What does tank cycle mean? This term may sound familiar to you, but in this article you will learn exactly what it means. What is the nitrogen cycle? Why is it so important? And how do I know my tank is cycled? This is a simple guide on how to cycle your aquarium.
When we talk about tank cycling process we are primarily referring to the nitrogen cycle, biological cycle or nitrification process.
The nitrogen cycle is a natural process that helps break down toxic metabolic products into less harmful substances for fish. You can’t avoid the nitrogen cycle when owning your own fish tank.
When you setting up an aquarium, you need to remember that nitrogen cycle normally lasts between 6 to 8 weeks. The aquarium water should reach a biological balance before you add a new fish.
Every young aquarist should be aware of how the nitrogen cycle proceeds. Lack of knowledge may lead to mass or single fish deaths, algae growth, or cause cloudy water in fish tank. Incorrect water filtration or too many fish in the tank may lead to biological imbalance.
Key Takeways:
- The nitrogen cycle is crucial for a healthy fish tank, breaking down harmful substances.
- It typically takes 6 to 8 weeks to establish a biological balance before adding fish.
- Fish waste releases ammonia, converted by beneficial bacteria.
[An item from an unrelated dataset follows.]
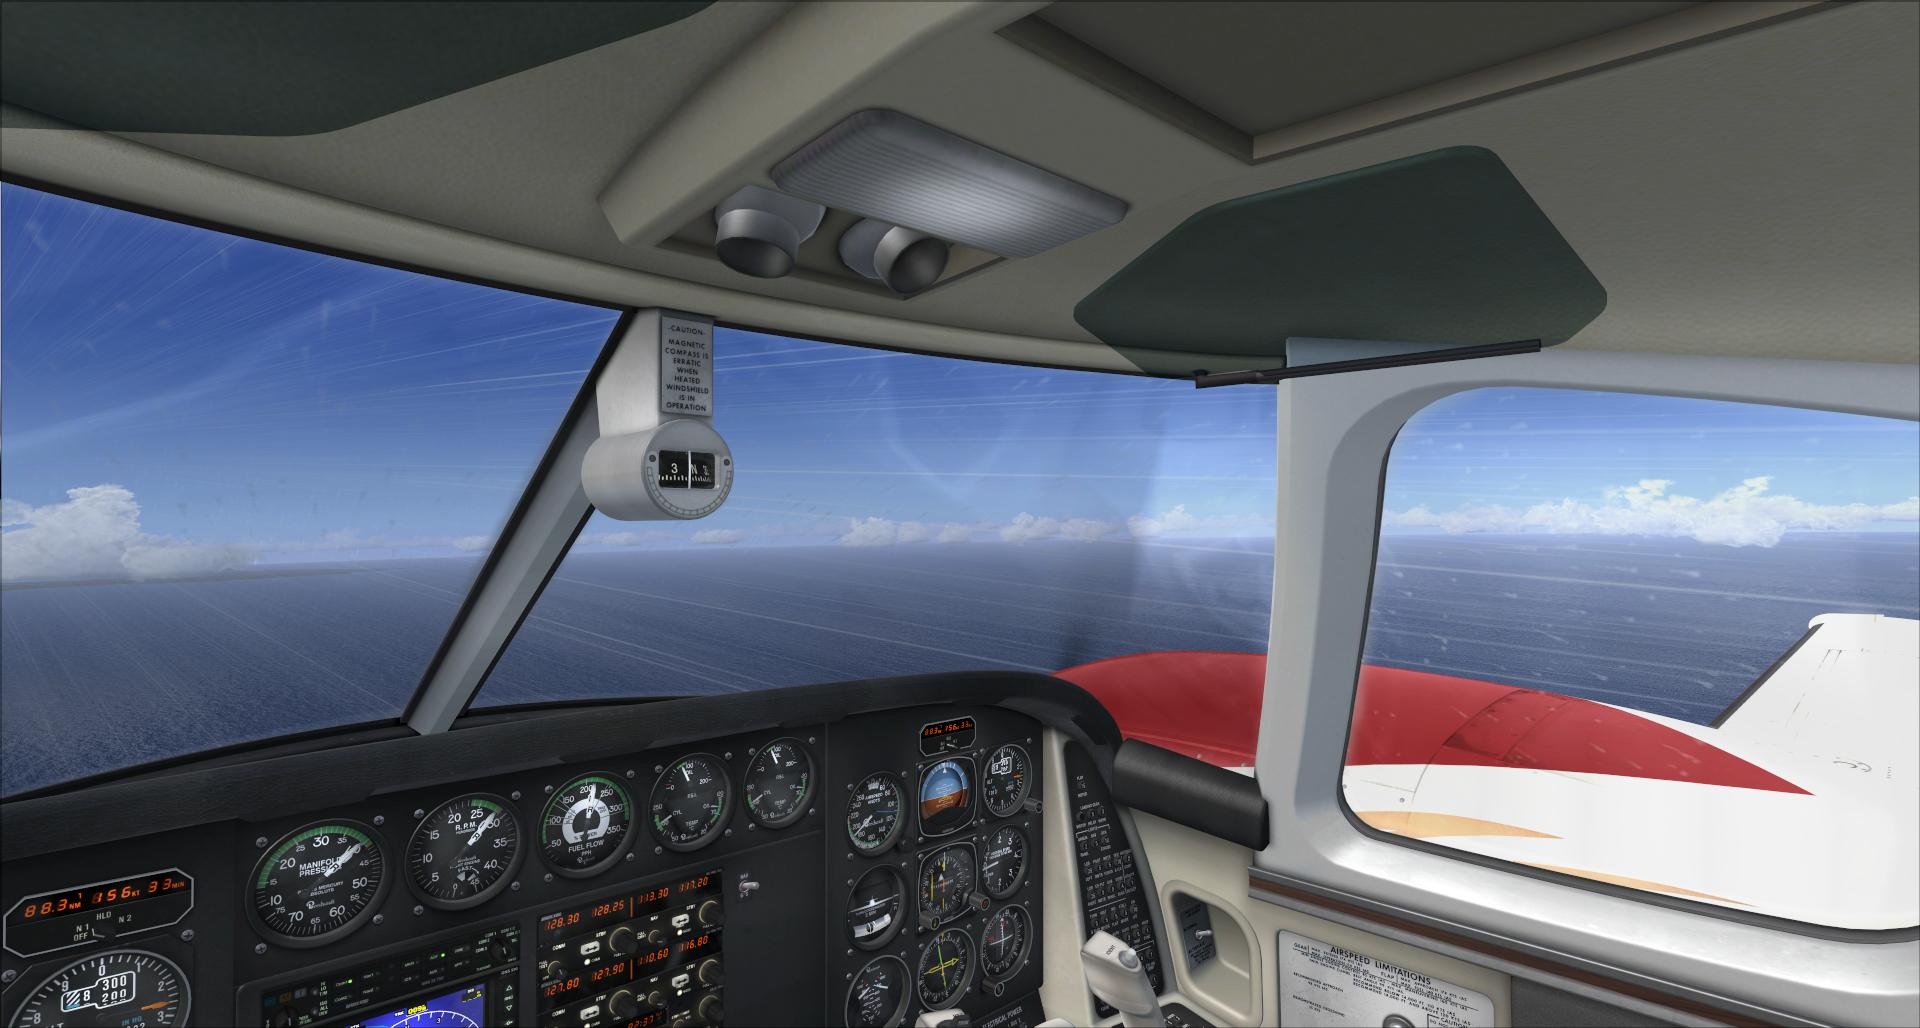 vol shag pilote de brousse  811340201442715260232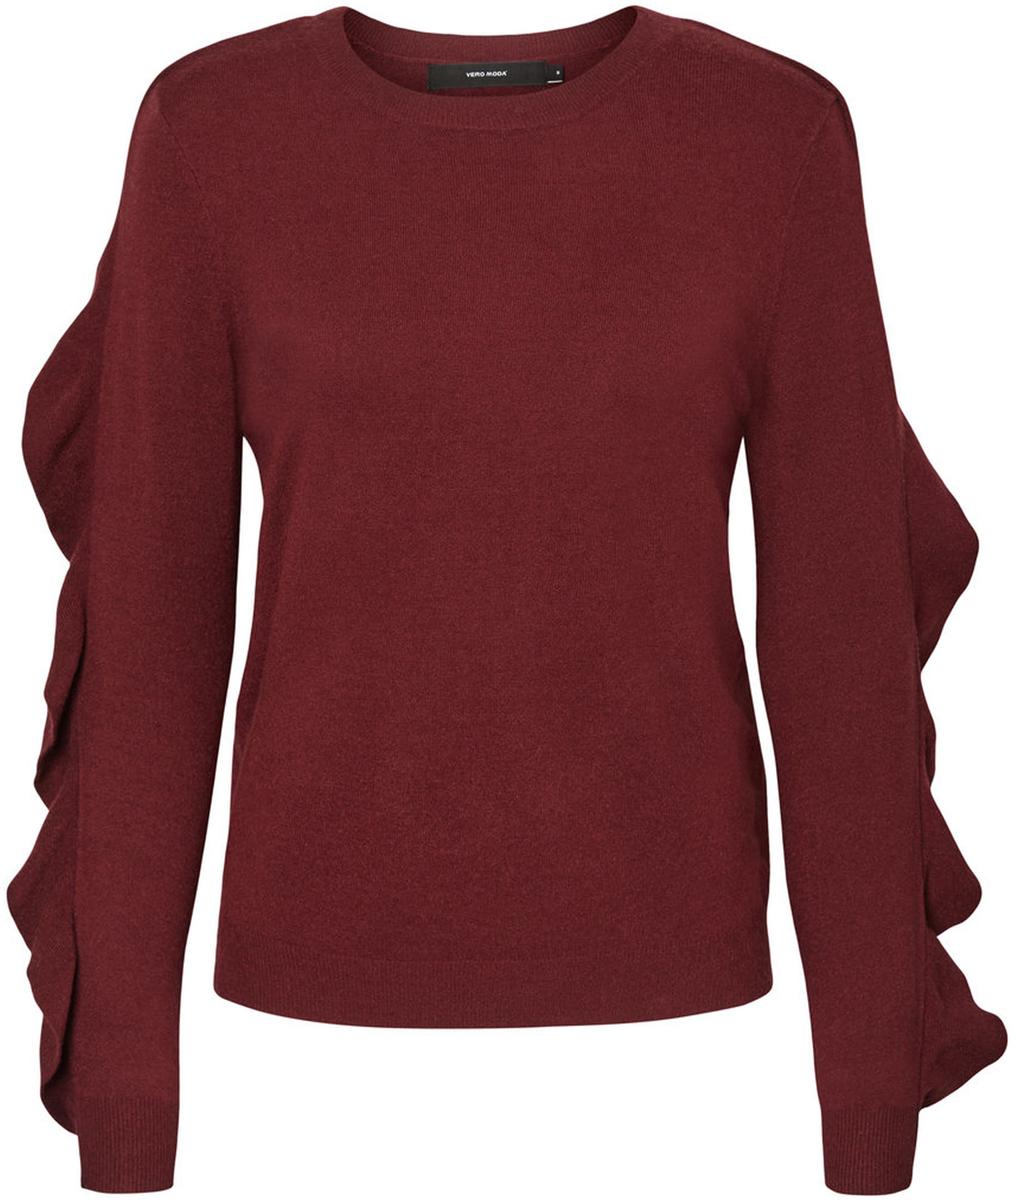 Джемпер женский Vero Moda, цвет: бордовый. 10185482_Zinfandel. Размер S (42/44) джемпер vero moda цвет белый

- The nitrogen cycle consists of Ammonia, Nitrites, and Nitrates stages.
- Regular water changes maintain safe nitrate levels.
- Two cycling methods: Cycling with Fish (experts) and Cycling without Fish (beginners).
- Speed up with mature tank substrate, filter media, or plants.
- Regular testing ensures a safe tank.
- Watch for ammonia poisoning if levels are too high.
- Blackwater tanks mimic Amazon ecosystems.
- Ich (White Spot Disease) can affect freshwater fish.
- 3-gallon and 1-gallon tanks are unsuitable for fish.
What is biological balance?
Biological balance is a condition in a tank that maintains a balance between the biocenosis and the biotope in a way that ensures the welfare of the animals and plants kept in the tank. For simplicity, we can say that it is a situation in which the aquarium is able to cope with excessive fish feces and organic matter in the tank.
I show you what is going on behind the scenes.
No fish wants to swim in water surrounded by own pee and poo. It can harm their health. We must remember that fish poop and pee in the same water they swim in. We poop in the toilet, fish don’t have that option.
Poop and other waste releases harmful ammonia into the water. Beneficial bacteria help them to destroy ammonia. The beneficial bacteria that are needed for the cycling process live in the filter media, substrate, and decorations.
Ammonia is toxic to your fish. Death by poo? No way! The cycling process helps avoid above situation.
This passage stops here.